=== Problem to solve ===
Copy the data exactly. Images are the one exception.

=== Data shown ===
□ □ □ □ □ □ □

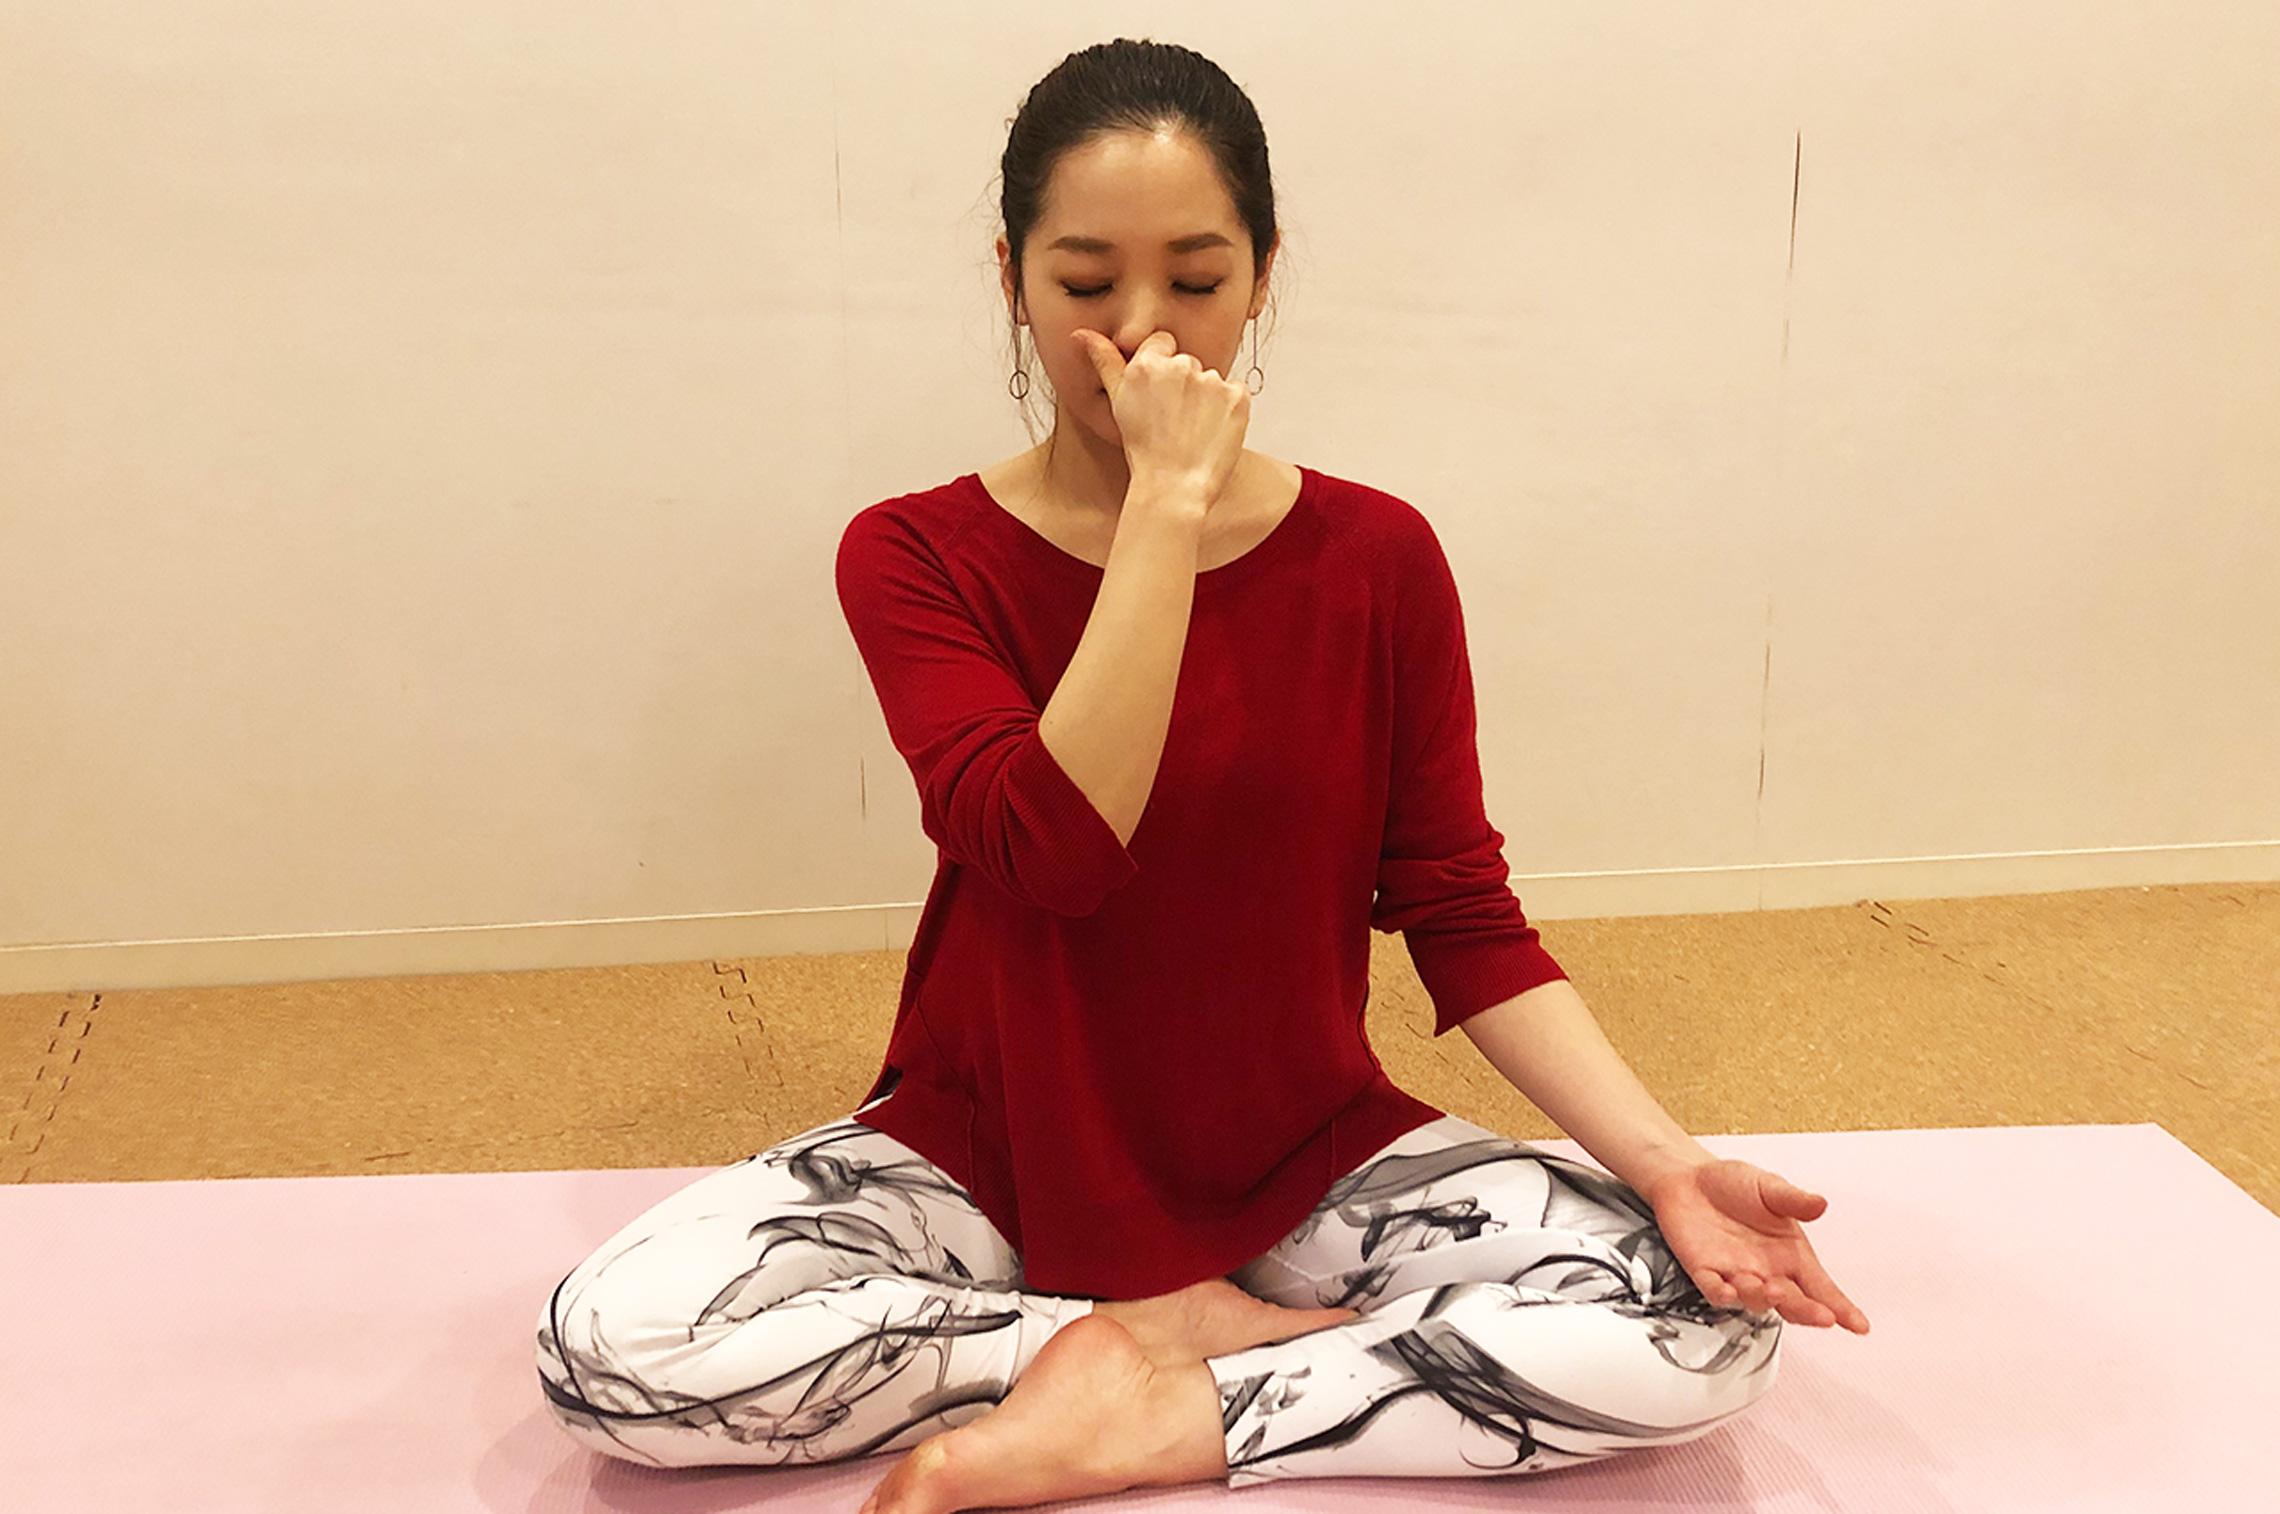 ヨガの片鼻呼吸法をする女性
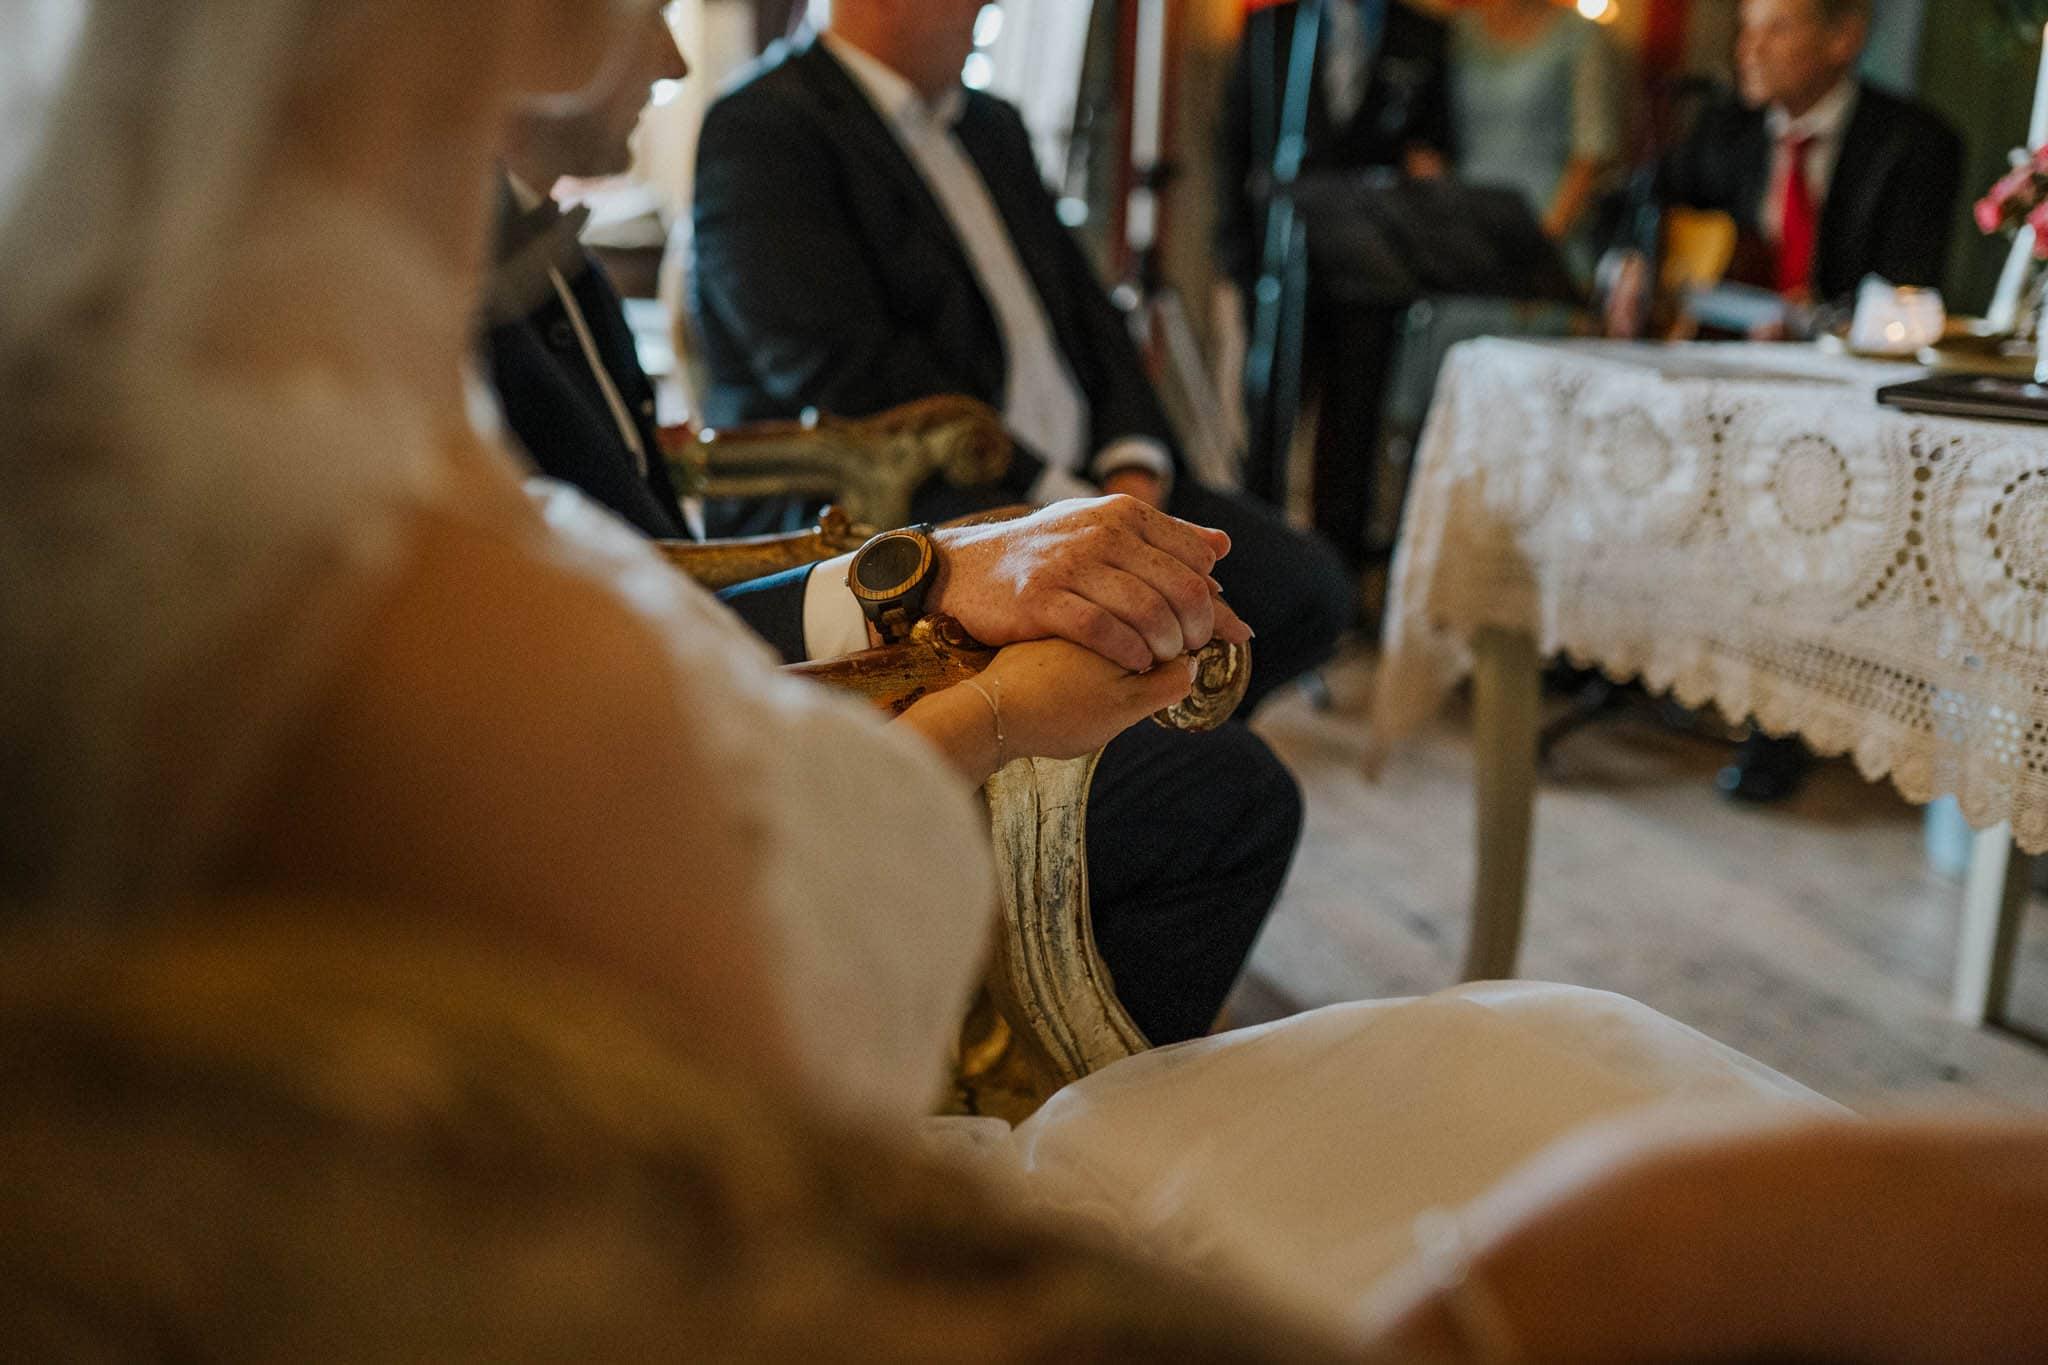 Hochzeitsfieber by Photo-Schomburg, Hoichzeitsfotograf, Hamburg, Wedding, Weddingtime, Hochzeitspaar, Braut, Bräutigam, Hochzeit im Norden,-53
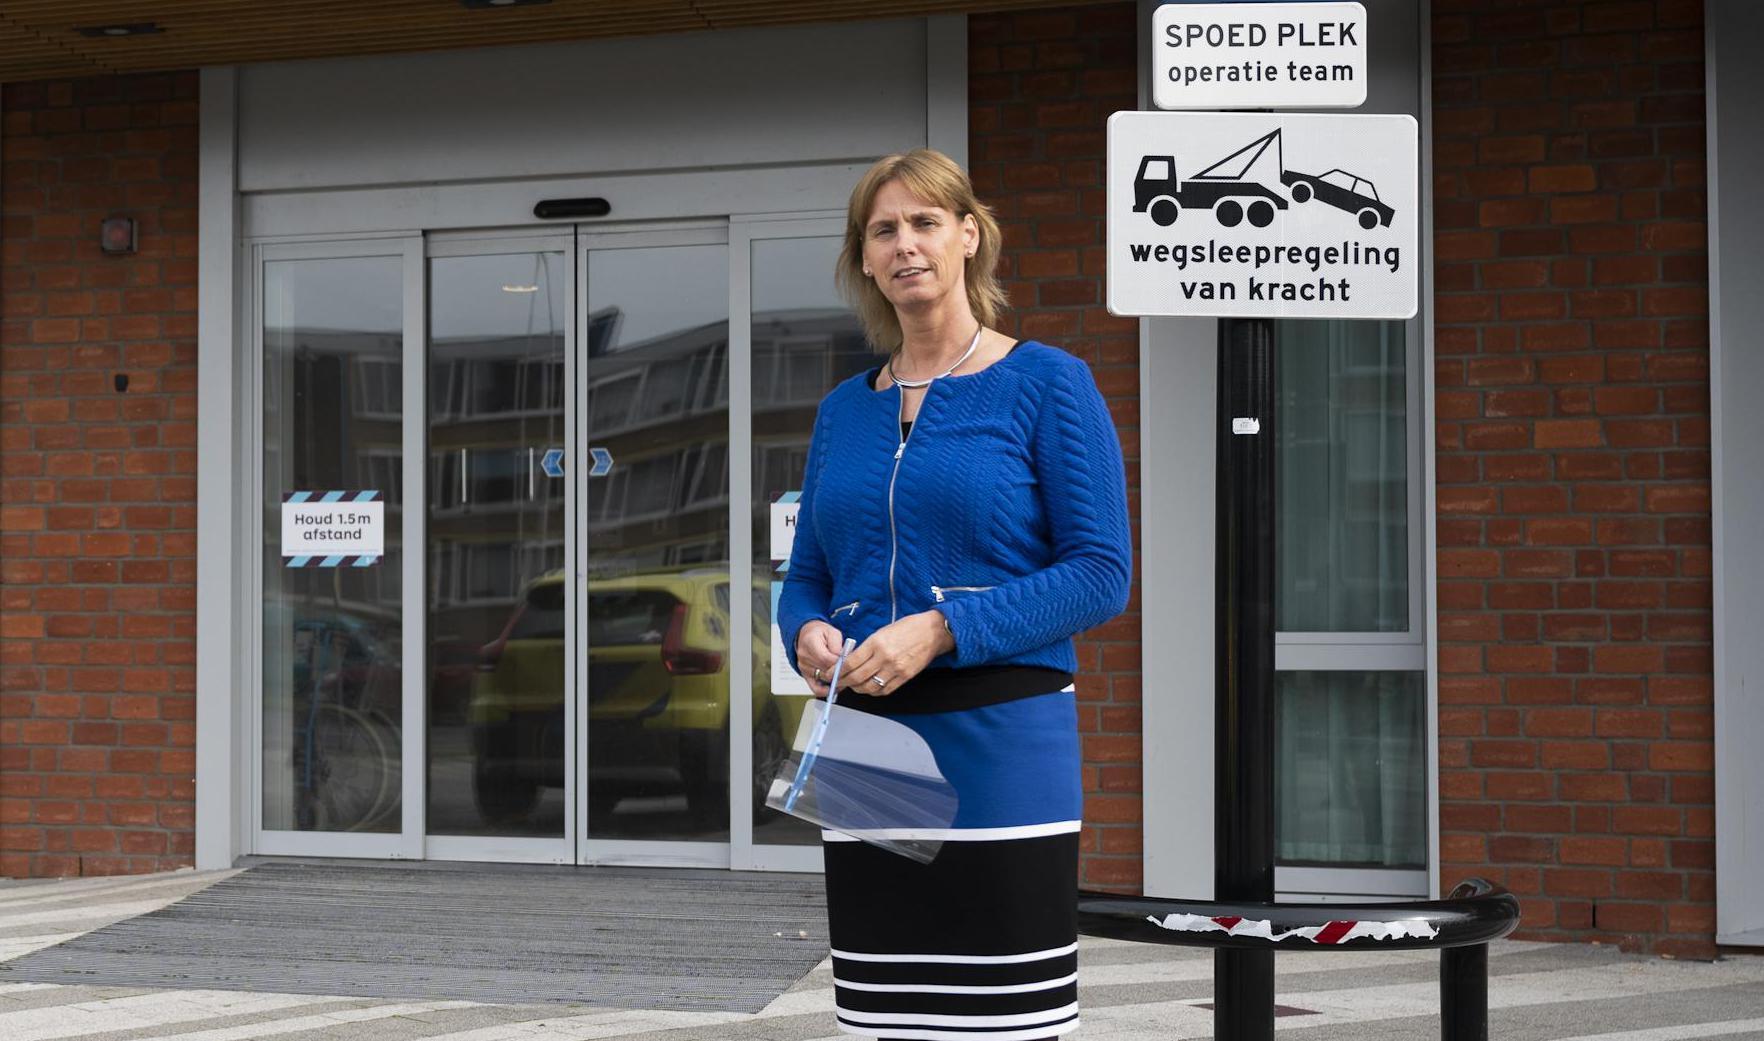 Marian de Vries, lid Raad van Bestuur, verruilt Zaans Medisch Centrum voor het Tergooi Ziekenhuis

□ □ □ □ □ □ □

=== Answer area ===
 ヨガの片鼻呼吸法をする女性
 Hochzeitsfieber by Photo-Schomburg, Hoichzeitsfotograf, Hamburg, Wedding, Weddingtime, Hochzeitspaar, Braut, Bräutigam, Hochzeit im Norden,-53
 Marian de Vries, lid Raad van Bestuur, verruilt Zaans Medisch Centrum voor het Tergooi Ziekenhuis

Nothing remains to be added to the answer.